PROVIDED MATERIAL —
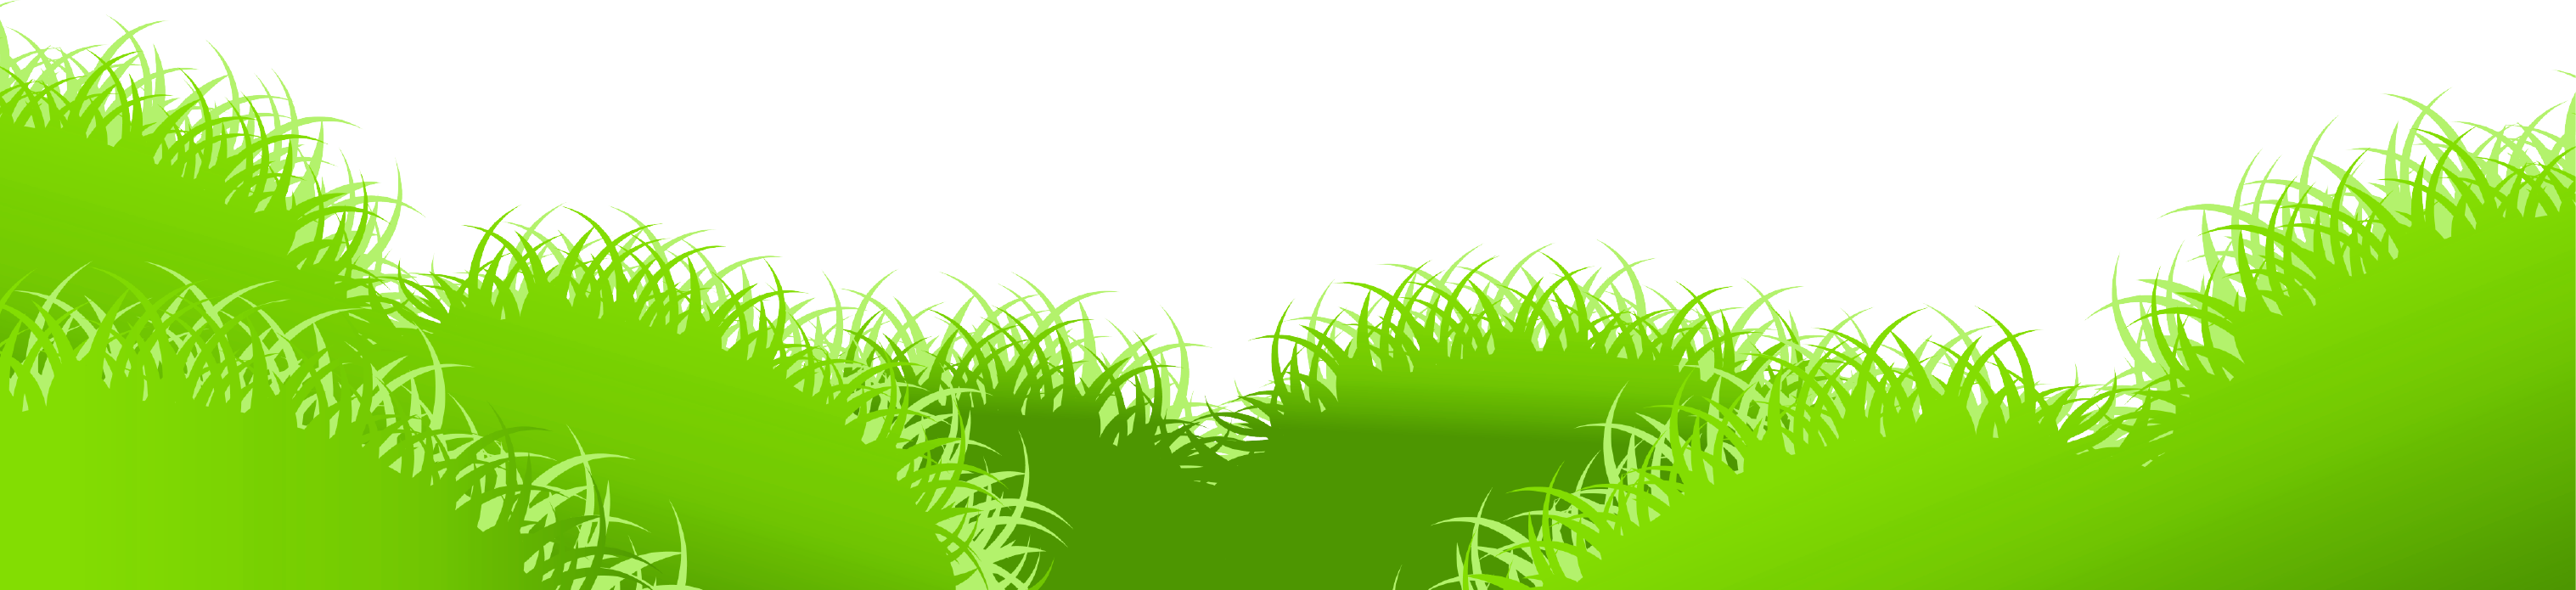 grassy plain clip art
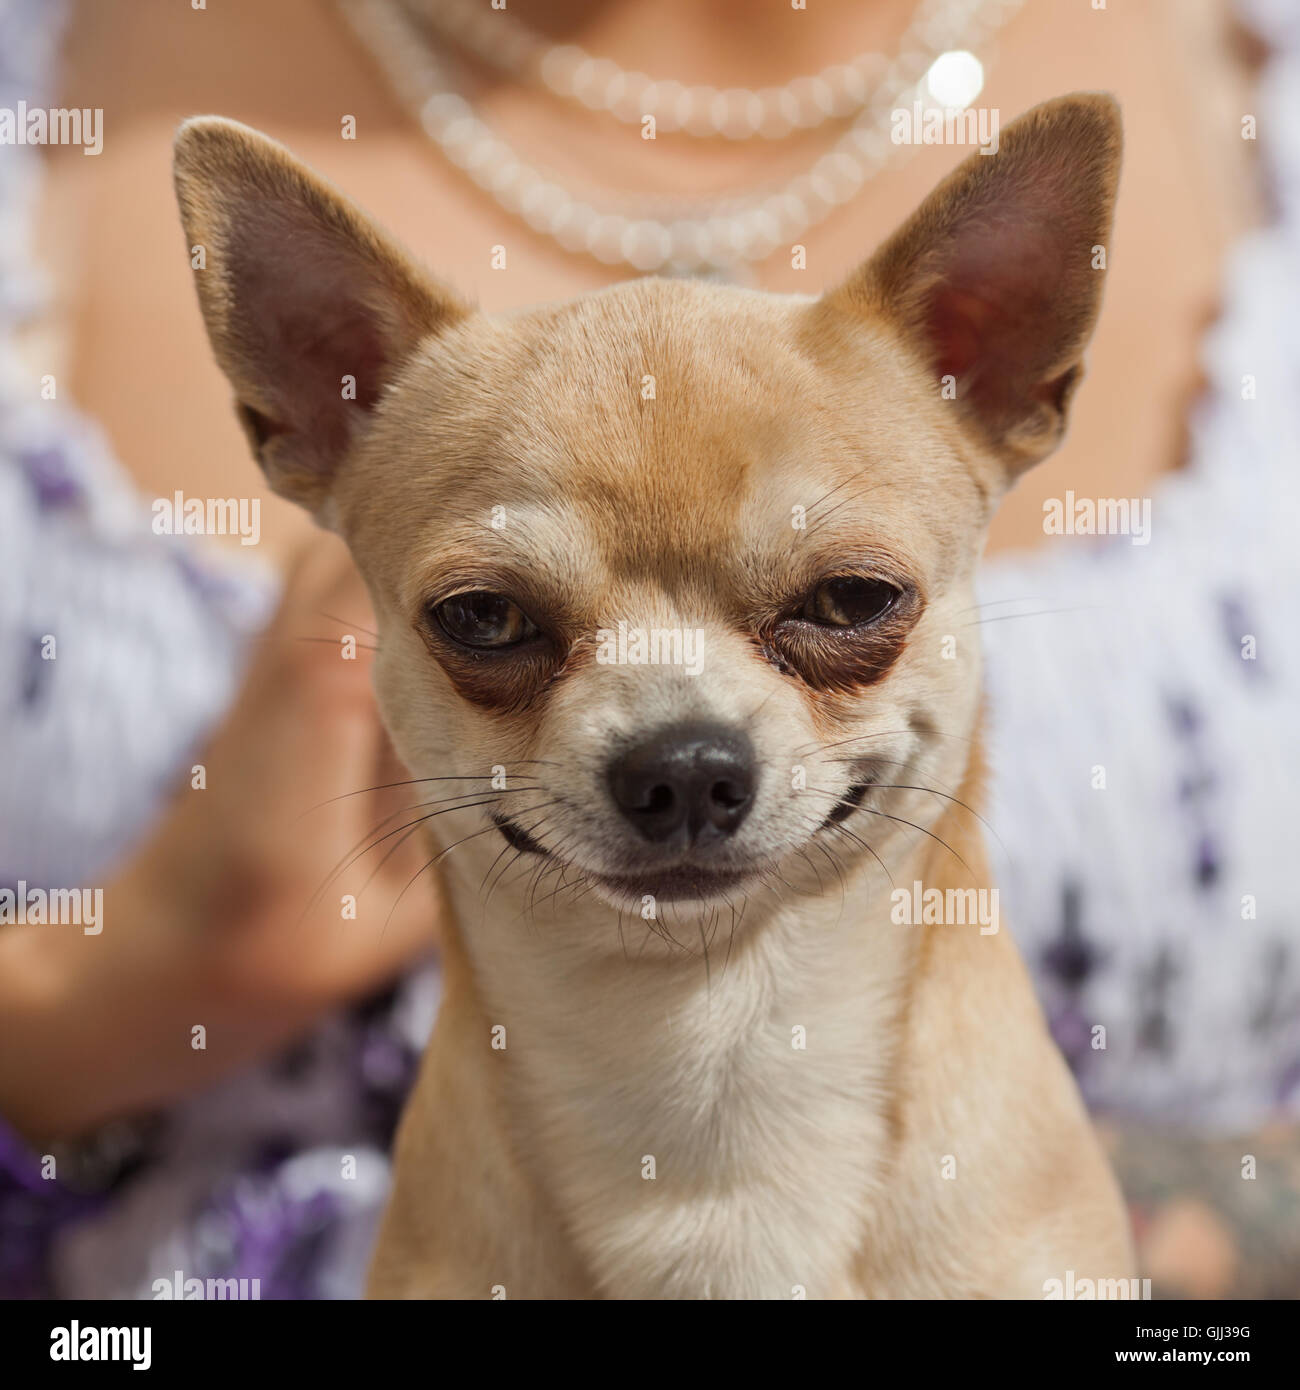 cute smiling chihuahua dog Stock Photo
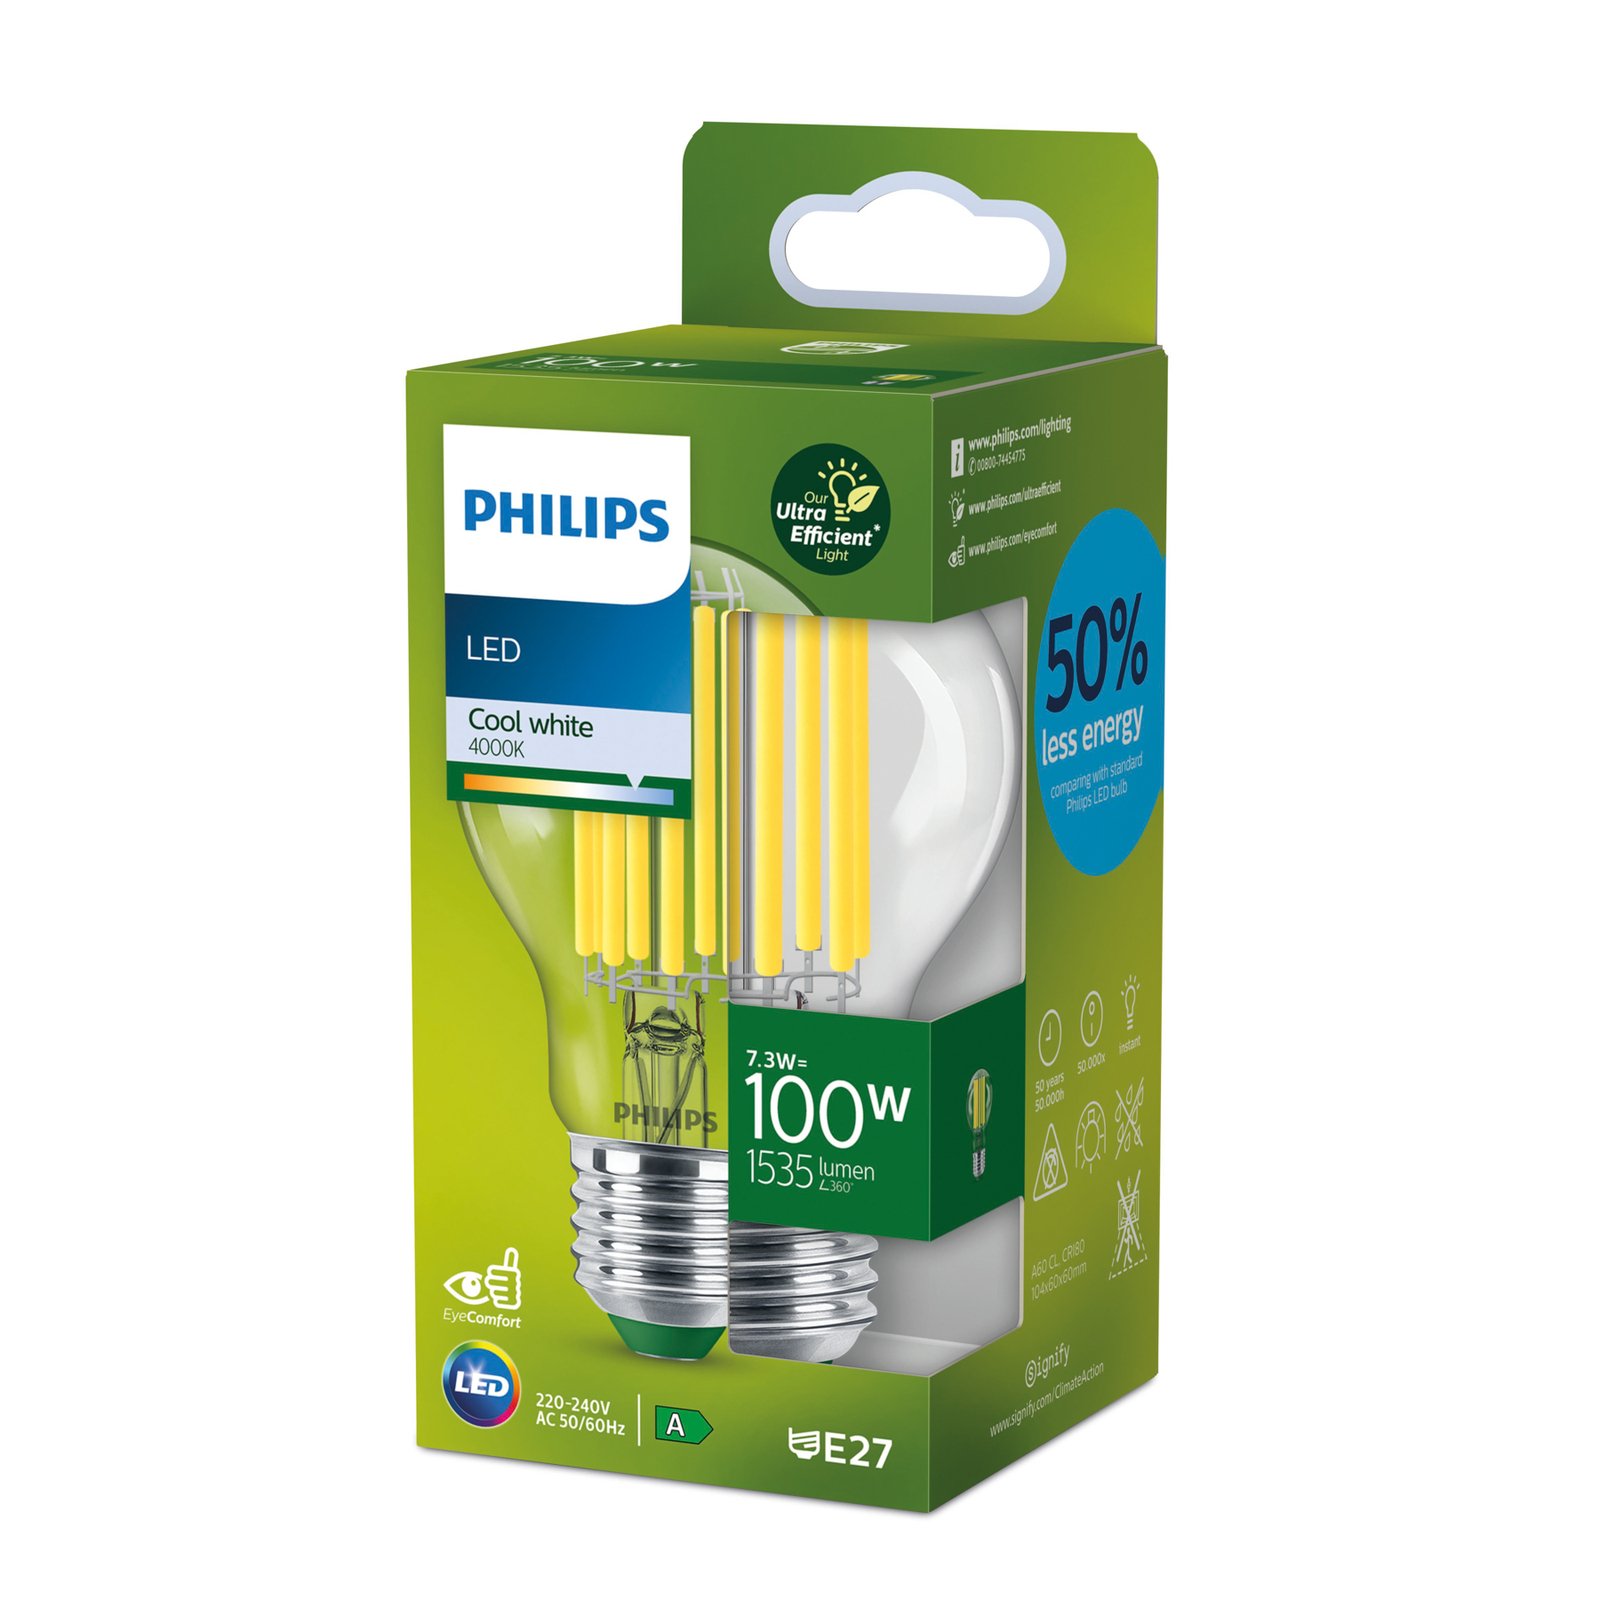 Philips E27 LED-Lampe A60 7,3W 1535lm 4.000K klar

TASK TO COMPLETE — Every line between the one containing "cute smiling chihuahua dog Stock Photo" and the last line of the data above, both included, should be copied exactly, but not the pictures.

TASK OUTPUT —
 cute smiling chihuahua dog Stock Photo
 Philips E27 LED-Lampe A60 7,3W 1535lm 4.000K klar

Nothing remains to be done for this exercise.